Informacoes sobre ordens
| Nome do Produto | Numero de Catalogo | UNID | Preco | Qde | FAVORITOS | |
α1D-AR Plasmídeo de ativação de CRISPR (h) | sc-402904-ACT | 20 µg | $397.00 | |||
α1D-AR Plasmídeo de ativação de CRISPR (h2) | sc-402904-ACT-2 | 20 µg | $397.00 |
ADRA1D codifica o receptor adrenérgico humano α1D (α1D-AR), um receptor acoplado à proteína G que se acopla principalmente a Gq/11 para ativar a fosfolipase C, aumentar o Ca2+ intracelular e estimular a sinalização dependente de PKC. Os efeitos a jusante incluem a modulação das vias MAPK/ERK e de programas transcricionais que regulam a contratilidade do músculo liso, o tônus vascular e a neurotransmissão autonómica. A atividade do α1D-AR influencia a fisiologia cardiovascular e urogenital e é estudada no contexto de sinalização adrenérgica desregulada associada à hipertensão, disfunção do trato urinário inferior e outros distúrbios que envolvem alterações na responsividade do músculo liso. A expressão de ADRA1D e a dinâmica da sua sinalização também fornecem um indicador mecanístico do tráfego de GPCR, da dessensibilização e do acoplamento recetor-efetor em células humanas.
α1D-AR O Plasmídeo de Ativação CRISPR (h) oferece uma abordagem direcionada e não destrutiva para regular positivamente a expressão endógena de ADRA1D sem alterar a sequência de ADN subjacente.
α1D-AR O Plasmídeo de Ativação CRISPR (h) é um sistema mediador de ativação sinérgica (SAM) de três plasmídeos, concebido para a regulação positiva transcricional altamente eficiente e específica do locus ADRA1D em linhas celulares humanas. O sistema é construído em torno de uma Cas9 cataliticamente inativa (dCas9) portadora de duas mutações inativadoras (D10A e N863A) que eliminam a atividade nuclease, preservando simultaneamente a ligação ao ADN. Esta dCas9 é fundida com VP64, um potente ativador transcricional, e é coexpressa com um gene de resistência à blasticidina para seleção. O segundo plasmídeo codifica a proteína de fusão MS2-p65-HSF1, um complexo ativador secundário que atua em conjunto com o dCas9-VP64, juntamente com um gene de resistência à higromicina. O terceiro plasmídeo codifica um sgRNA de 20 nt específico para o alvo, fundido a dois aptâmeros de RNA MS2 que recrutam o complexo MS2-p65-HSF1 para o local de ativação, acompanhado por um gene de resistência à puromicina. Os três plasmídeos são administrados numa proporção de massa de 1:1:1 para uma expressão equilibrada de todos os componentes do sistema.
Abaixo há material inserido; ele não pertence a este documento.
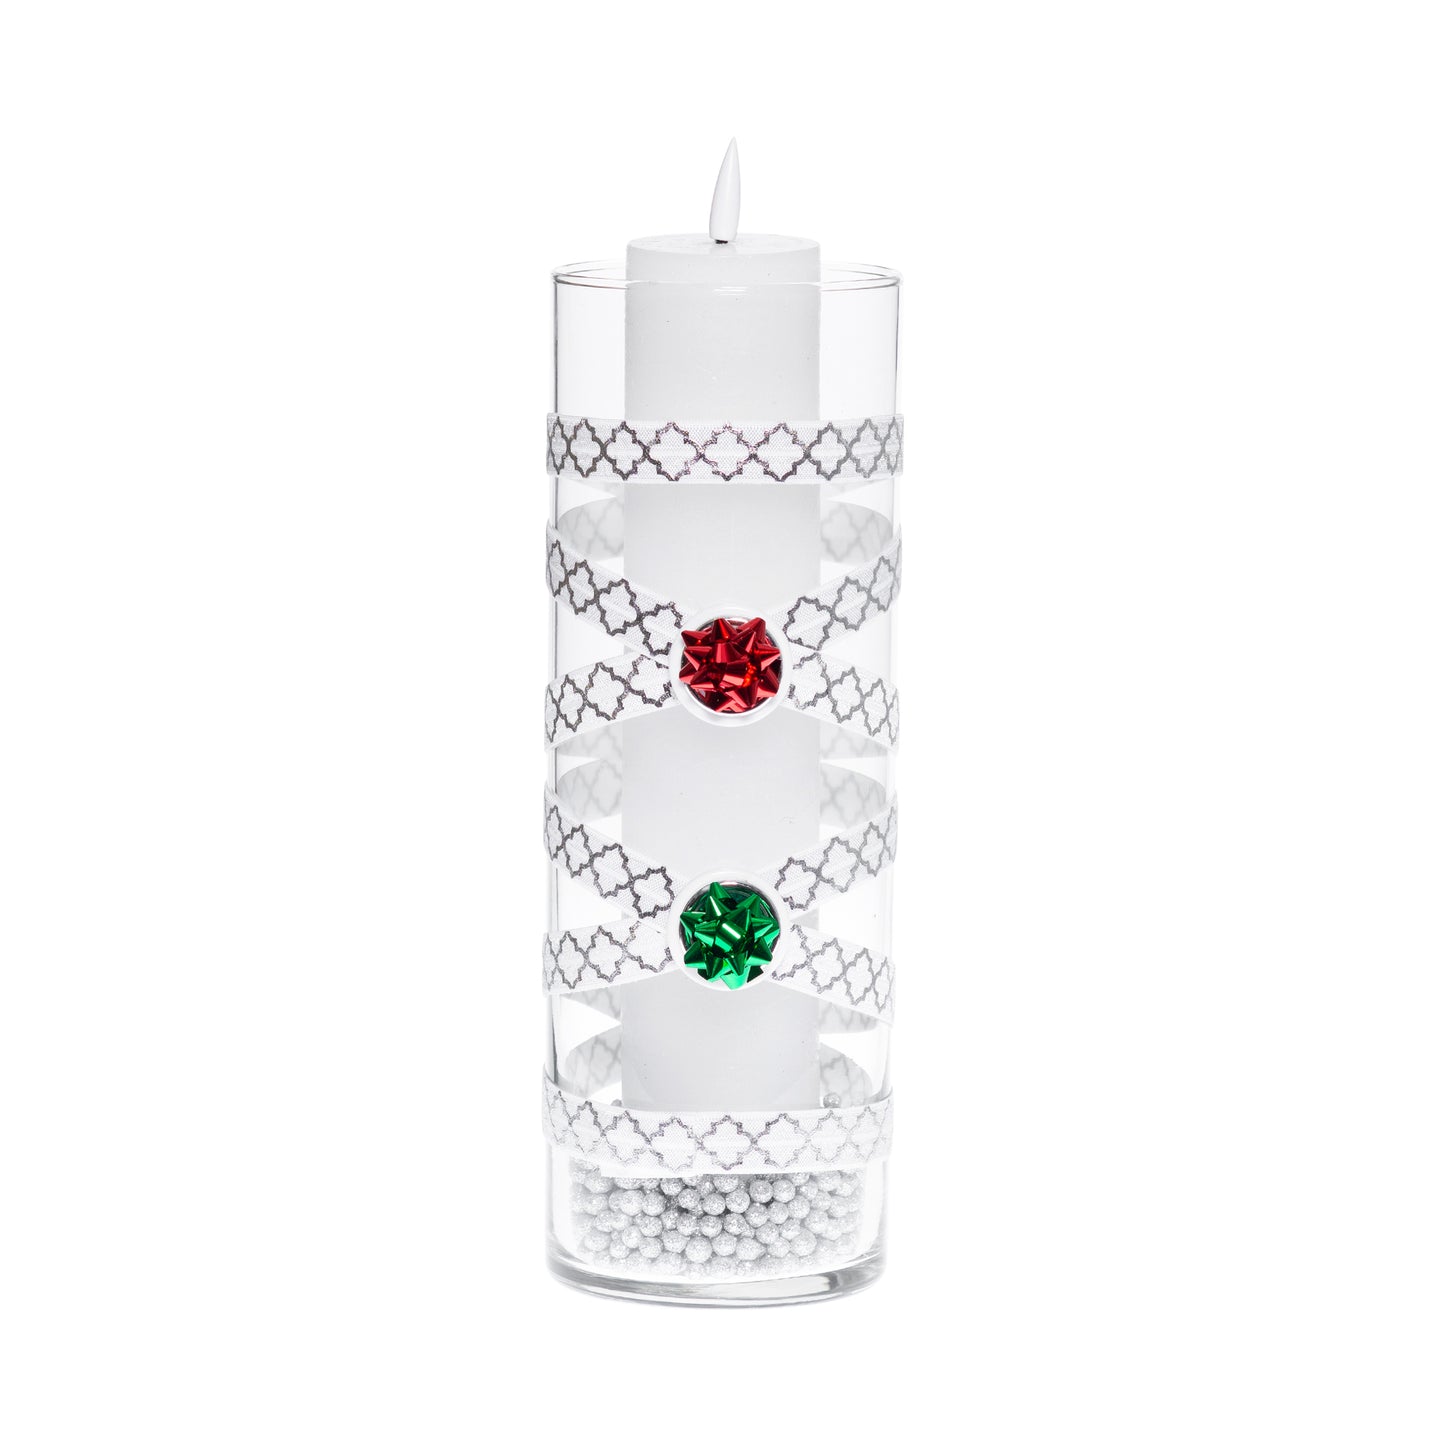 3.5" x 9.5" Vase White Silver Quatrefoil 5X 6 Red Green Shiny Bows Holiday Collection Complete Set FREE SHIPPING
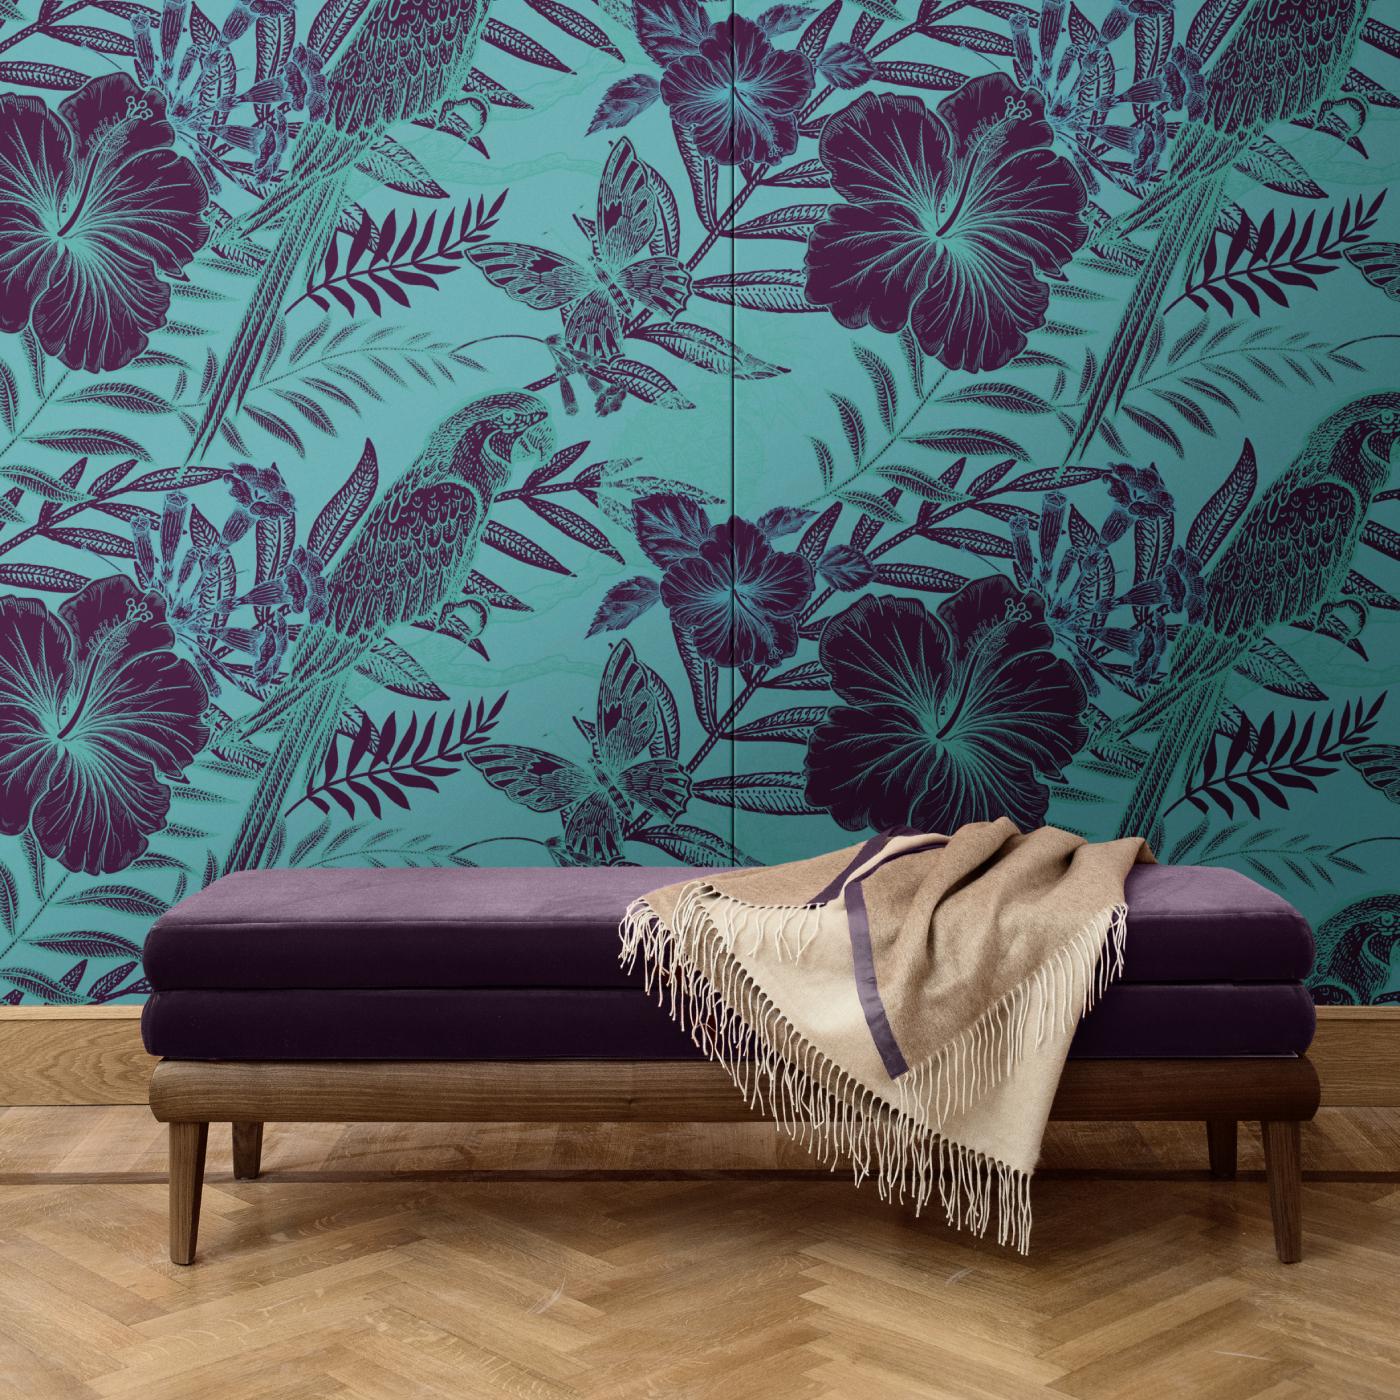 This elegant wall covering depicts a mesmerizing scene depicted as a negative photograph of an exotic scene with black parrots, hibiscus flowers, and butterflies over a green background. Part of the Parrots collection, this dramatic decoration will

Uma vez montado no locus alvo, o complexo SAM liga-se a cerca de 200 pb a montante do local de início da transcrição ADRA1D, onde VP64, p65 e HSF1 atuam em conjunto para recrutar a maquinaria transcricional e impulsionar a regulação positiva da expressão endógena de α1D-AR. Ao contrário da Cas9 com atividade nuclease, o dCas9 não introduz quebras de cadeia dupla nem modifica a sequência genómica, preservando o locus ADRA1D nativo e permitindo o estudo de respostas transcricionais dependentes de α1D-AR no locus endógeno, tornando-o uma ferramenta valiosa para estudos funcionais, identificação de genes-alvo e modelagem da restauração da via α1D-AR em células tumorais com expressão de ADRA1D silenciada ou reduzida.
Apenas para uso em investigação. Não se destina a uso diagnóstico ou terapêutico.